Como dijimos antes, la paz se basa en el orden de nuestras relaciones con Dios, con los demás, con nosotros mismos y con las cosas. En nuestro estado actual de seres inclinados al desorden por el pecado original, no es posible conquistar la paz sin luchar contra todo aquello que desordena nuestro corazón y nos roba la paz: la ambición excesiva, los malos deseos, la vanidad, la susceptibilidad, etc.; en una palabra, el egoísmo –es decir, el amor propio desordenado– en cualquiera de sus formas. Ahora bien, dado que en esta vida no nos es posible extirpar del todo el egoísmo, la conquista de la paz puede parecer una tarea imposible. Pues bien, aunque la lucha contra nuestro egoísmo no pueda tener tregua en esta vida, podemos recibir y experimentar  la paz de Cristo por la acción de su Espíritu en nosotros y por nuestra correspondencia a dicha acción. En otras palabras, Jesús nos da su paz dándonos su gracia para luchar contra nuestro egoísmo. Y aunque no venzamos del todo, más aún, aunque caigamos de nuevo muchas veces, heridos en la batalla, podremos siempre experimentar la paz de estar luchando. Quien, por el contrario, rehuye o abandona esta lucha interior, lejos de encontrar la paz encontrará turbación, intranquilidad, desasosiego interior. Quizá por eso Cristo añadió: «No se turbe vuestro corazón ni se acobarde». Como queriendo decirnos: «no temas la lucha; precisamente en ella encontrarás la paz».

María, Reina de la paz

En este mes de mayo, invoquemos a María, la Reina de la paz. ¡Ella ha pacificado tantos corazones a lo largo de la historia!
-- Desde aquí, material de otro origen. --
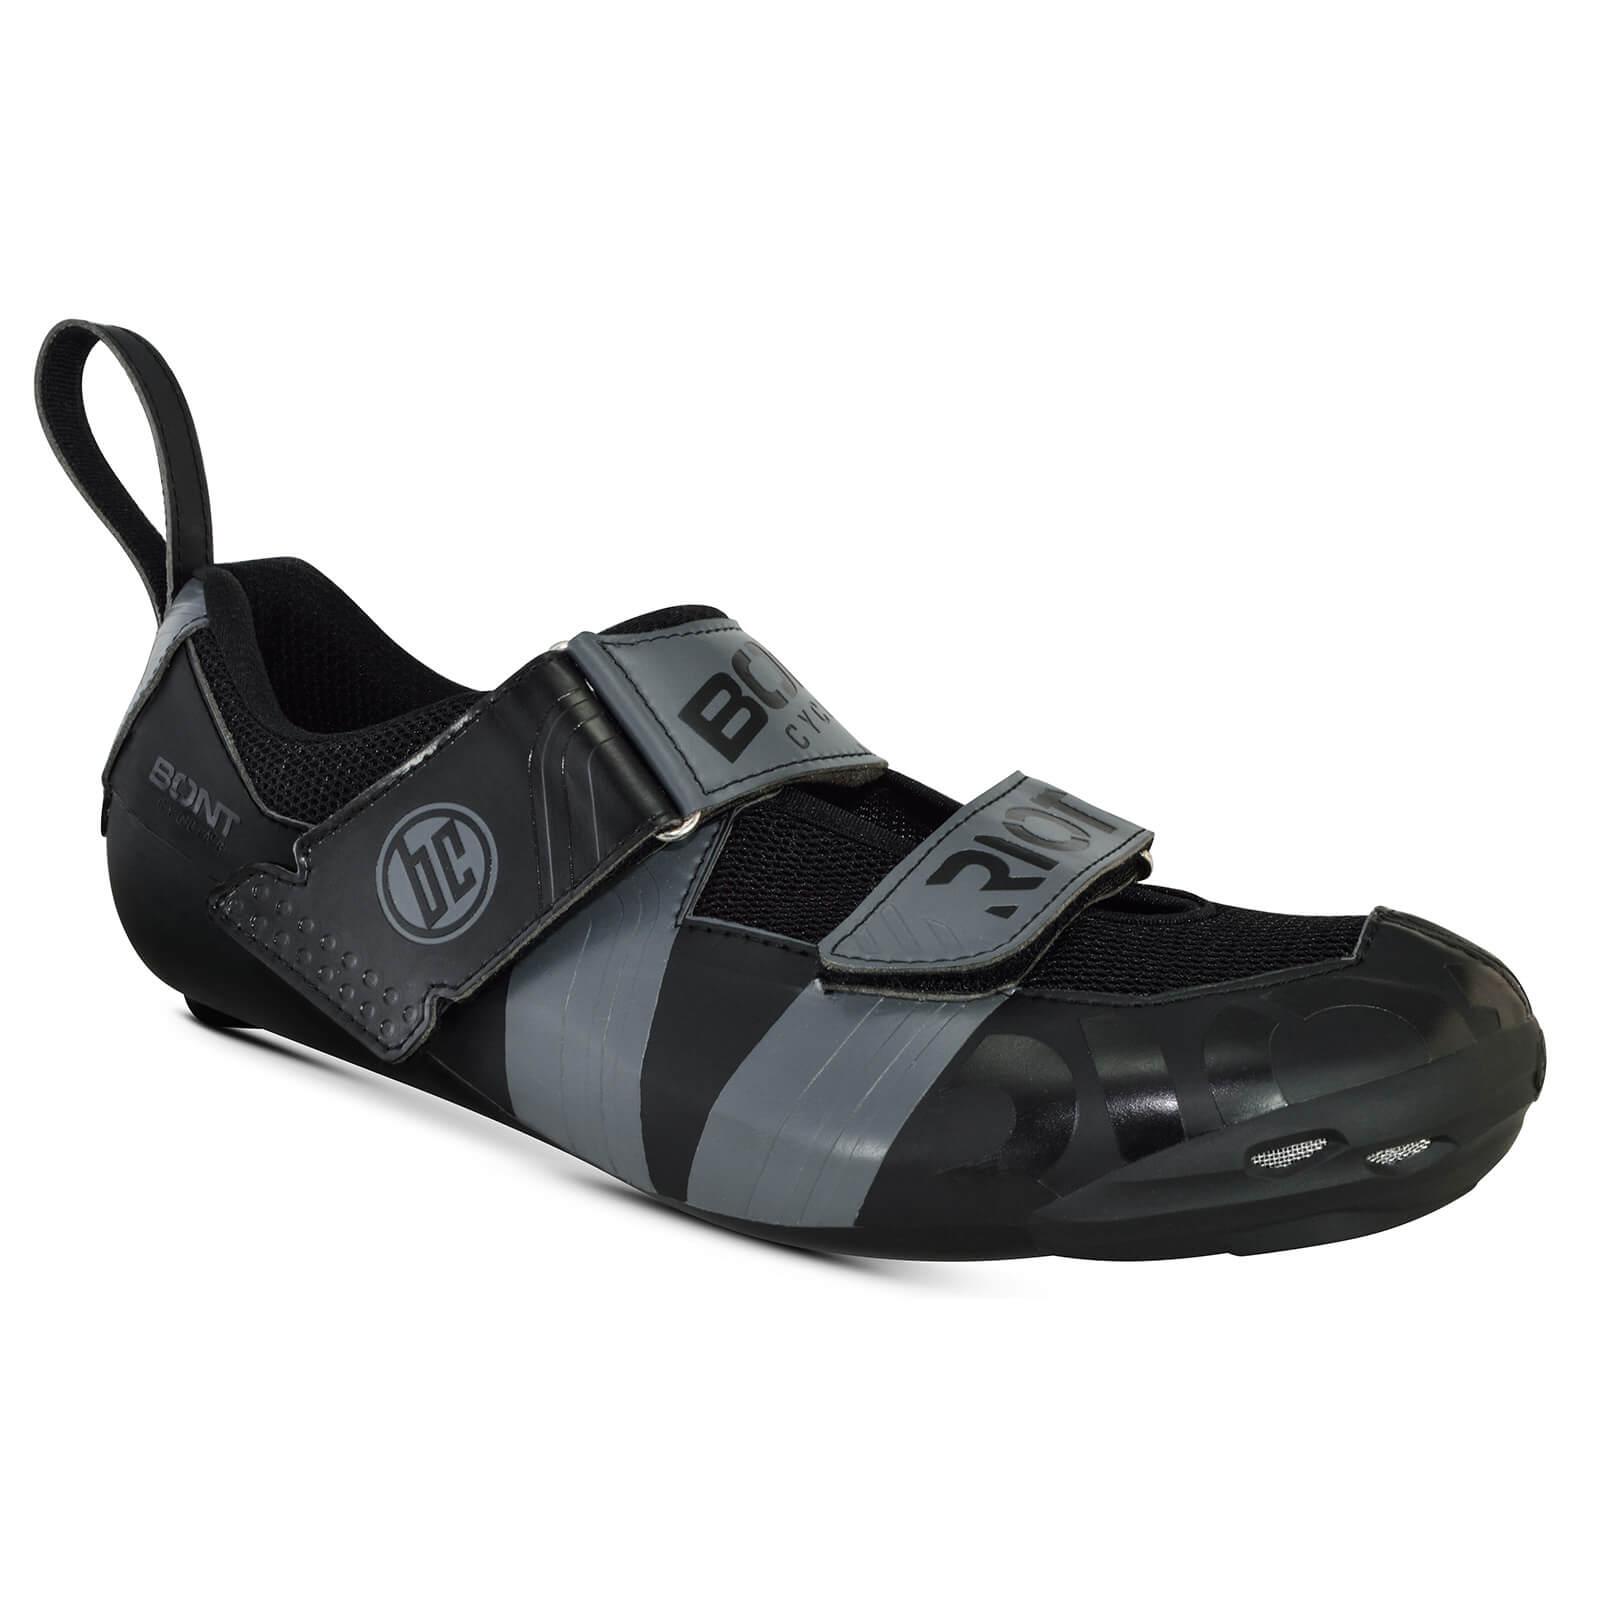 Bont Riot TR+ Road Shoes - EU 40 - Black/Grey

Como pacificó el corazón de Juan Diego: «Oye y ten entendido, hijo mío, el más pequeño, que es nada lo que te asusta y aflige. No se turbe tu corazón. No temas esa enfermedad, ni otra alguna  enfermedad y angustia. ¿No estoy yo aquí que soy tu Madre? ¿No estás  bajo mi sombra? ¿No soy yo tu salud? ¿No estás por ventura en mi regazo? ¿Qué más has menester?» Que estas palabras de María acrecienten y maduren la paz de Cristo en nuestro corazón.